- [EXERCISE GOAL] Exact copies of all the lines below are wanted, without a single picture.

- [COLLECTED DATA]
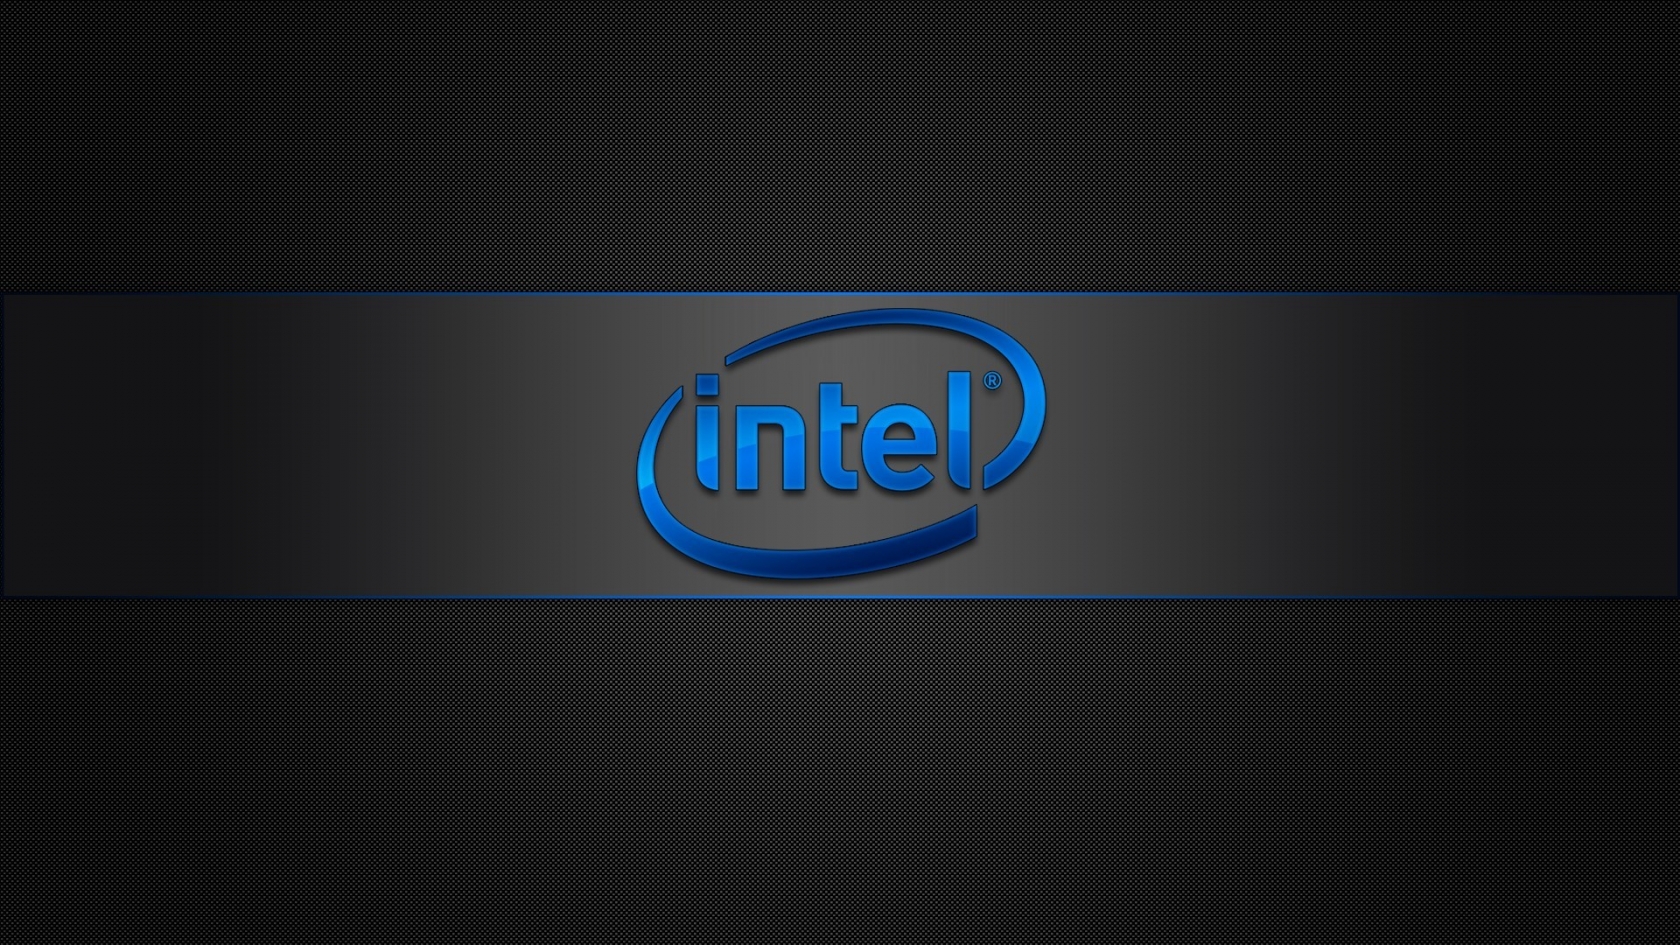 Intel for 1680 x 945 HDTV resolution
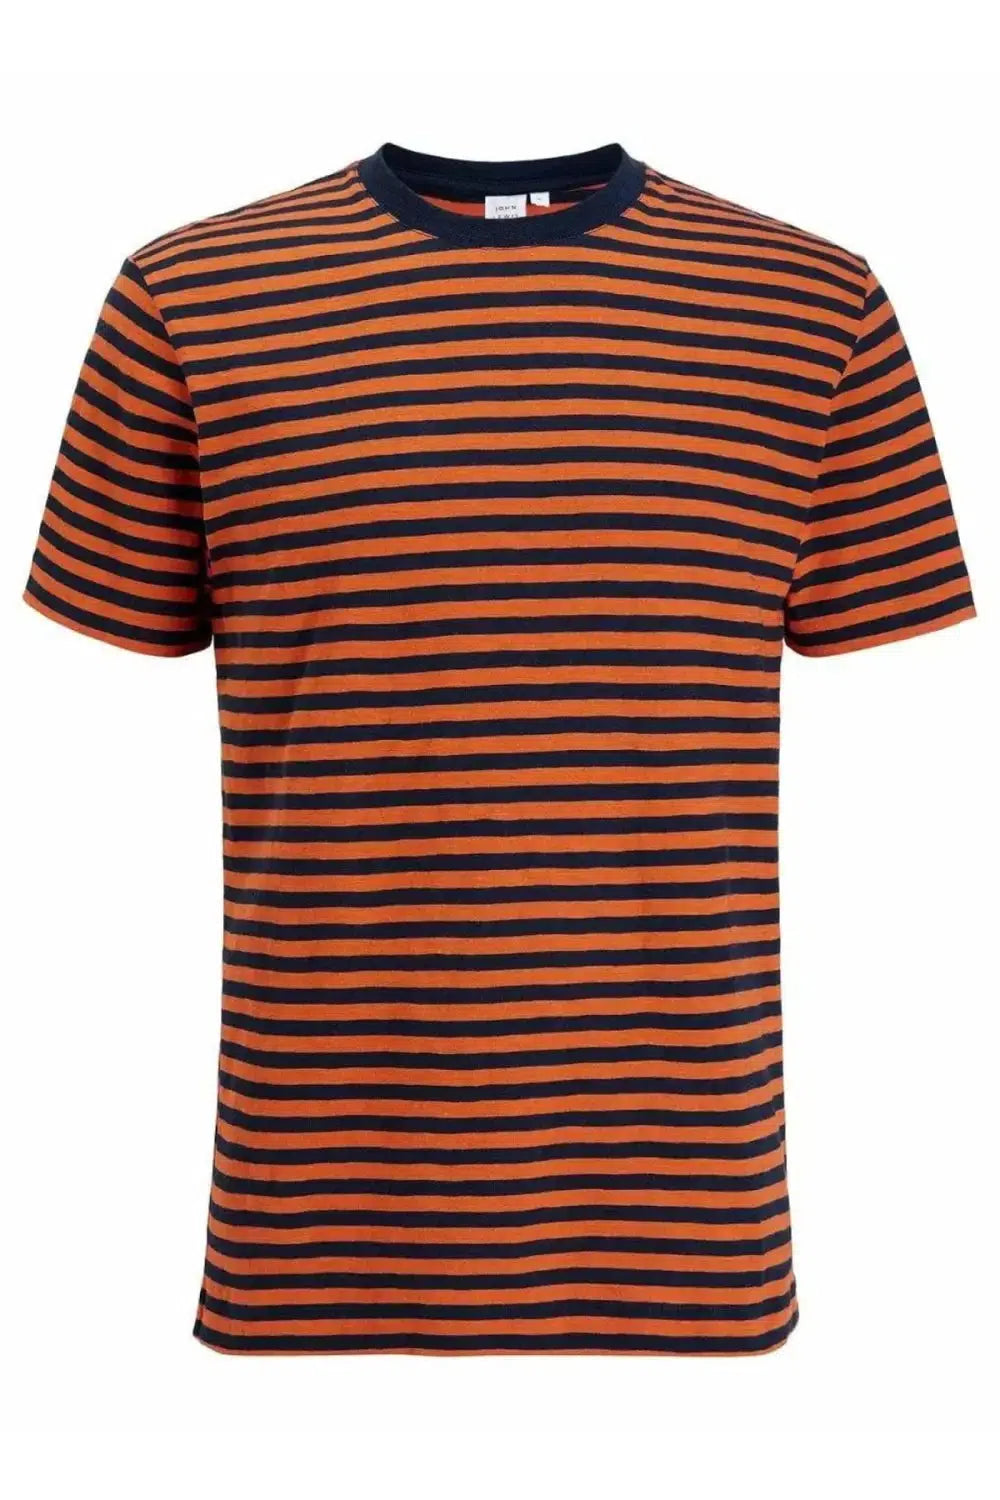 John Lewis Supima Cotton Striped T-Shirt
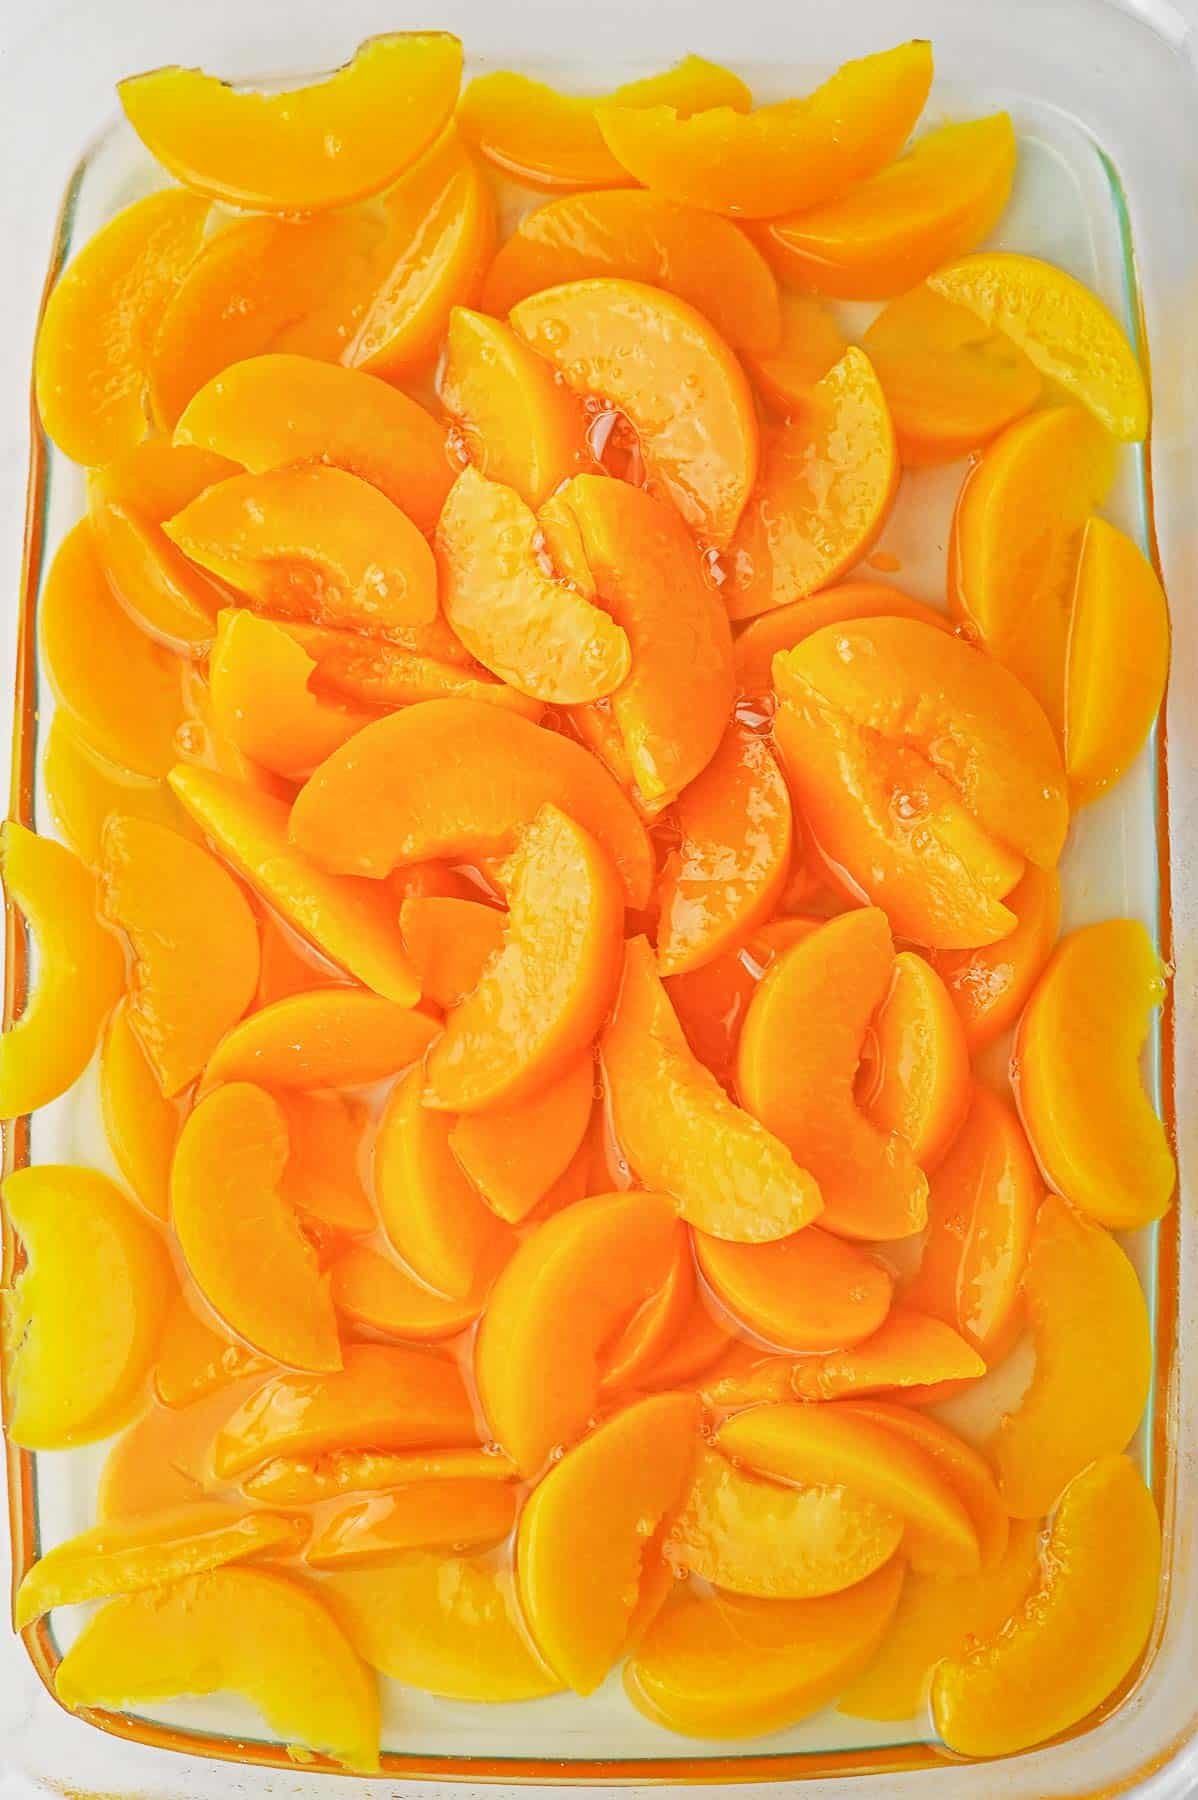 Peaches spread in glass baking dish.
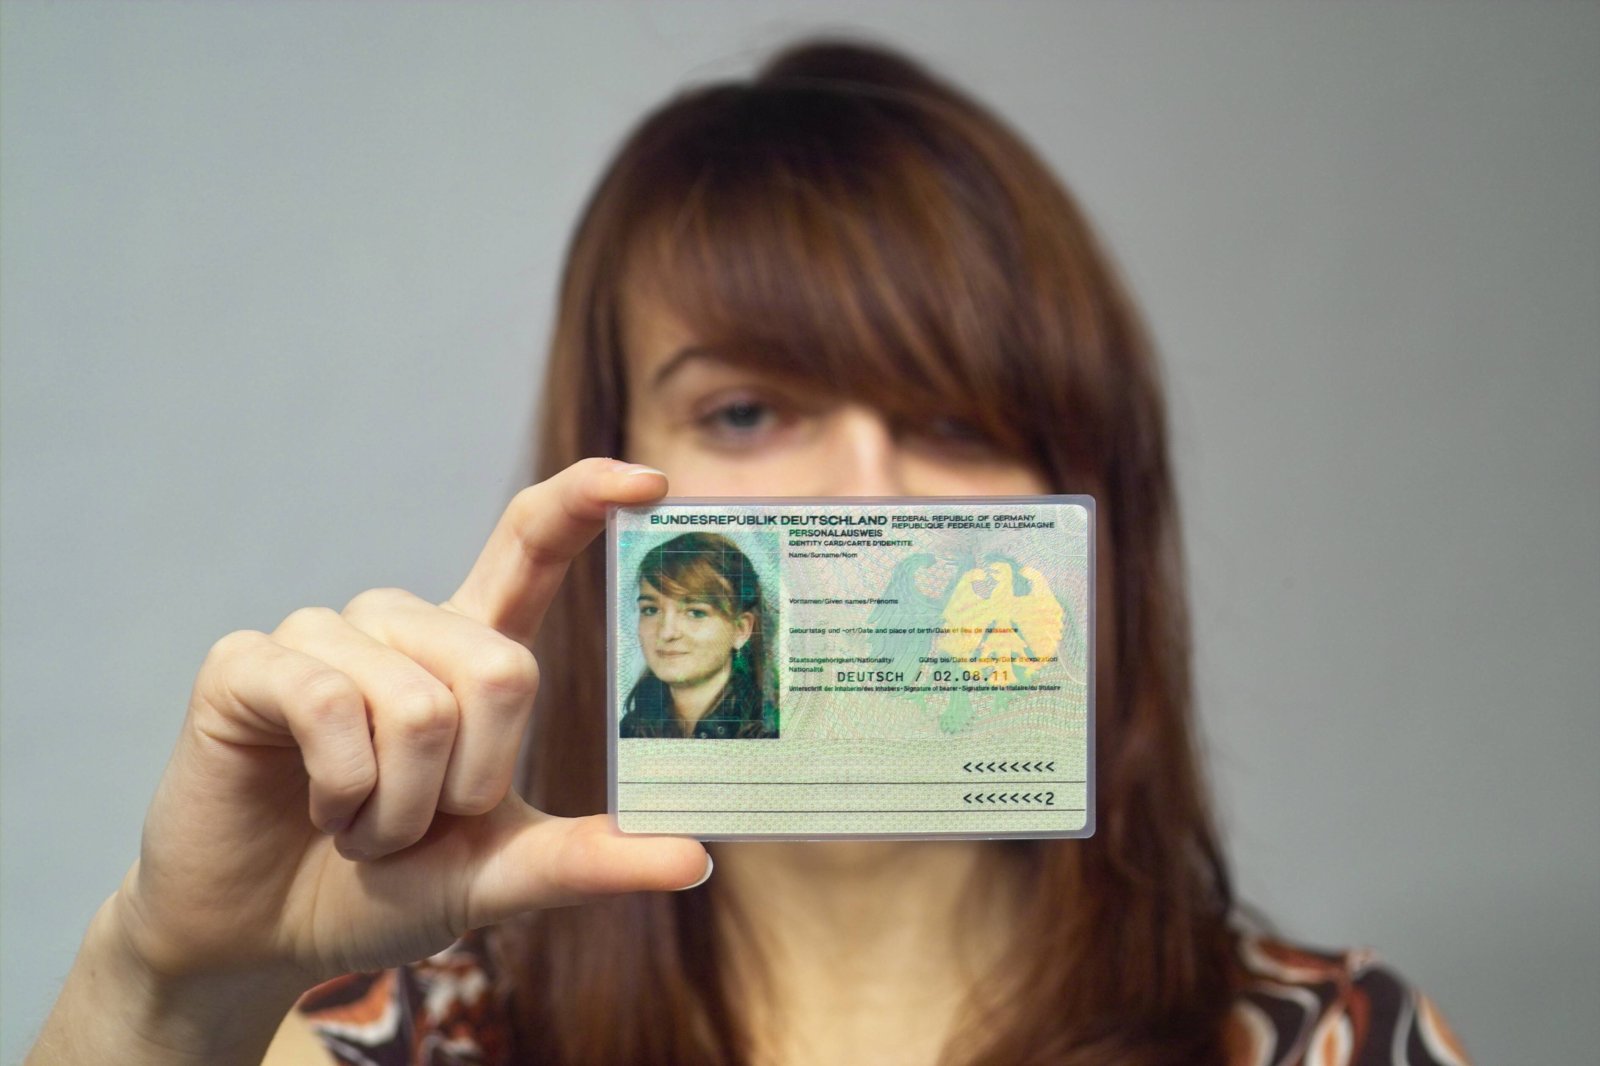 Deutscher personalausweis fake

- [WRITTEN ANSWER]
 Intel for 1680 x 945 HDTV resolution
 John Lewis Supima Cotton Striped T-Shirt
 Peaches spread in glass baking dish.
 Deutscher personalausweis fake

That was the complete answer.